W skrócie:
- FBC: Firebreak przyciągnęło maksymalnie 1992 graczy na PC w dniu premiery.
- Recenzje są mieszane, a społeczność narzeka na brak treści i problemy z matchmakingiem.
- Remedy planuje dwa duże rozszerzenia jeszcze w 2025 roku - na jesień i zimę.
Graczy mniej niż w dekadę starszym Max Payne 3
Remedy Entertainment zdecydowało się na ryzykowny krok. FBC: Firebreak to pierwsza gra studia zbudowana całkowicie z myślą o multiplayerze. Akcja rozgrywa się w uniwersum Control, ale sam tytuł mocno odbiega od przygód Jesse Faden. To kooperacyjna strzelanka pierwszoosobowa, w której gracze walczą z nadnaturalnymi zjawiskami w tzw. jobsite'ach - specjalnych strefach opanowanych przez siły z innego wymiaru.
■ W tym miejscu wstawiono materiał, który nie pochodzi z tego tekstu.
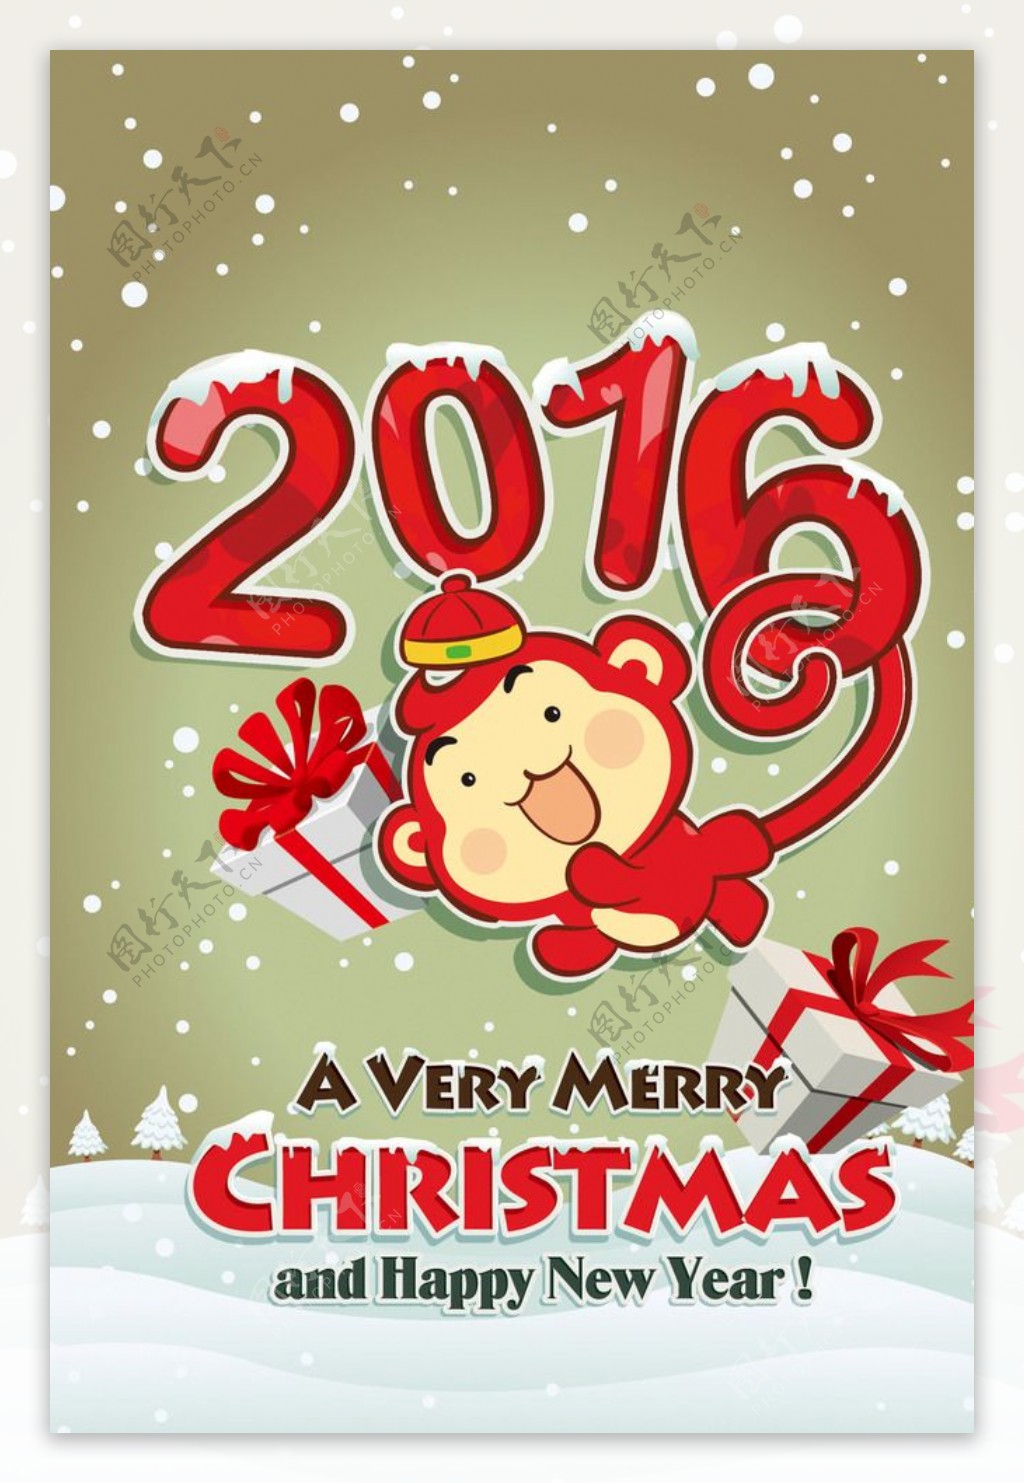 2016圣诞快乐猴年新年快乐

Gra zadebiutowała 17 czerwca w modelu premium (cena: 167 zł), ale jednocześnie trafiła do Xbox Game Pass oraz PlayStation Plus Extra i Premium. To miało zagwarantować jej bazę graczy. Tak się jednak nie stało. Według danych z serwisu SteamDB, gra osiągnęła jedynie 1992 graczy w szczytowym momencie. Dla porównania: Control i Max Payne 3 - mimo że dużo starsze - wciąż potrafią przyciągać więcej aktywnych użytkowników.
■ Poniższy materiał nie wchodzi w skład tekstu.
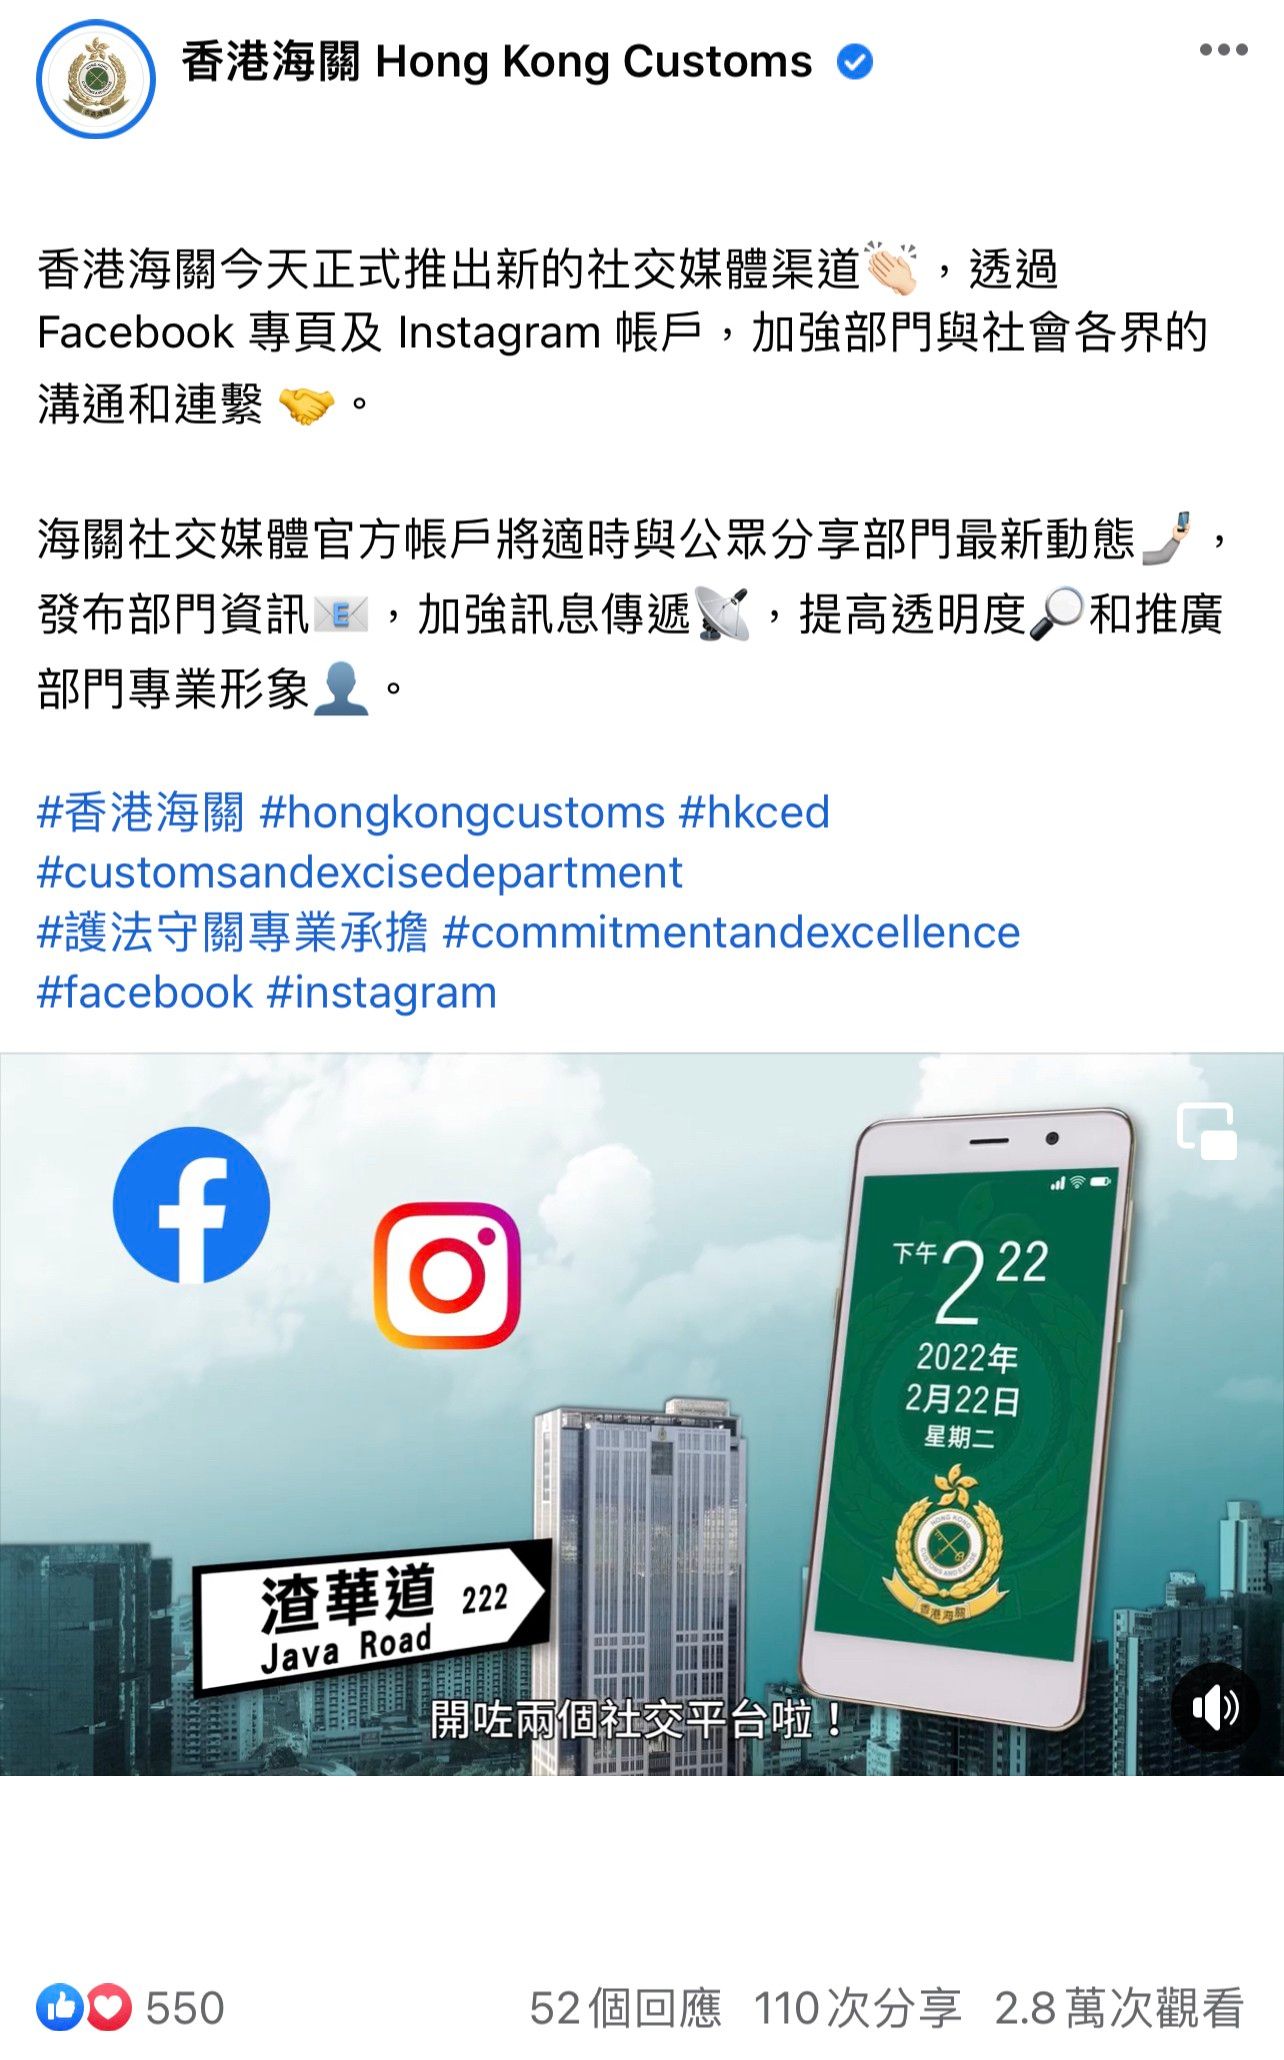 香港海關於二○二二年二月二十二日開通Facebook和Instagram社交媒體渠道，發放最新部門資訊，加強部門與社會各界的溝通和連繫。

Nie ma tutoriali, nie ma graczy, nie ma… sensu?
Na forach na Steamie użytkownicy narzekają, że nie da się znaleźć chętnych do zabawy w żadnym z trybów. Gra cierpi na brak zawartości, a osoby, które jednak się do niej przekonały, kończą ją w 1-2 dni. Nie pomogła też decyzja, by zrezygnować z mechanik typowych dla gier-usług: nie ma battle passa, codziennych wyzwań ani mikropłatności.
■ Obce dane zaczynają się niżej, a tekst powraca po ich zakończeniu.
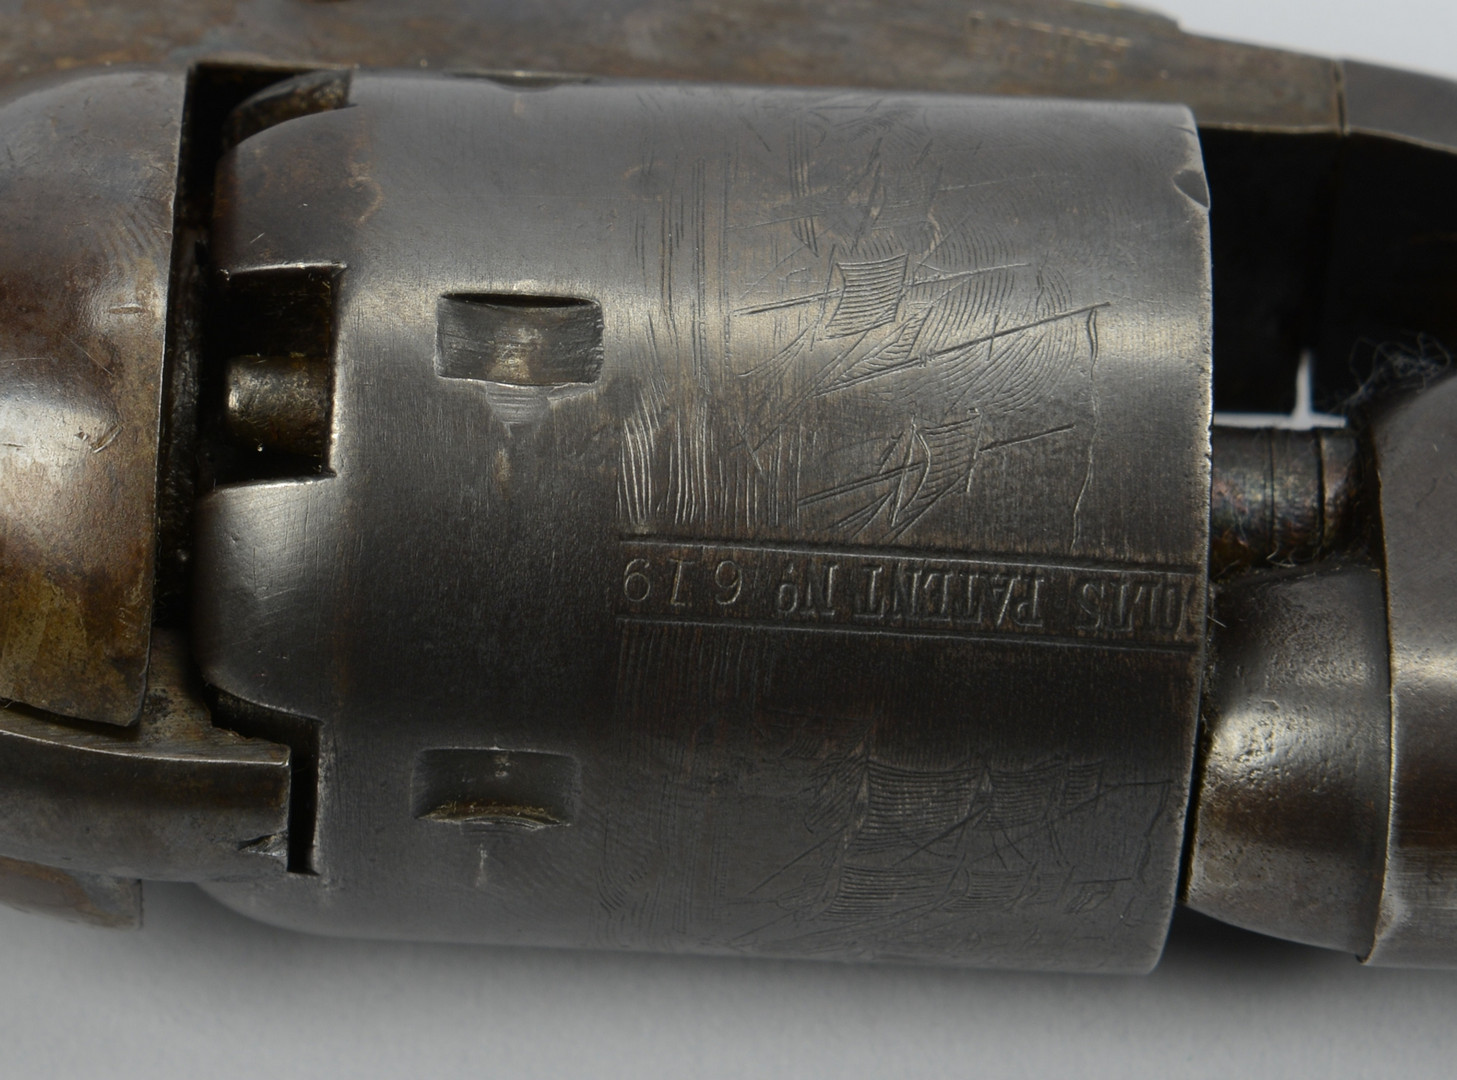 Lot 390: Colt Model 1861 Navy Revolver, 1867

W teorii to powinna być zaleta, ale w praktyce zabrakło czegokolwiek, co zatrzymałoby graczy na dłużej. Nawet podstawowy samouczek to dla wielu bariera - nie wiadomo, jak grać, jak używać umiejętności ani jak tworzyć drużyny. W efekcie produkcja Remedy już po tygodniu wygląda jak duch w bibliotece Steam.
Remedy nie składa broni
Thomas Puha, dyrektor komunikacji w Remedy, przyznał, że studio zamierza zebrać feedback z pierwszych tygodni i dopiero potem zdecydować, jak poprowadzi rozwój gry w 2026 roku. Na razie zaplanowano dwie duże aktualizacje - jedną na jesień, drugą na zimę 2025. Obie mają wprowadzić nowe lokacje, wrogów, przedmioty i systemy nagród.
Czy wiesz, że...
Remedy Entertainment kupiło pełne prawa do marki Control dopiero w 2024 roku, po wykupieniu ich od wydawcy 505 Games. Dzięki temu studio może teraz w pełni decydować o kierunku rozwoju uniwersum, także w kontekście sequela i potencjalnych spin-offów.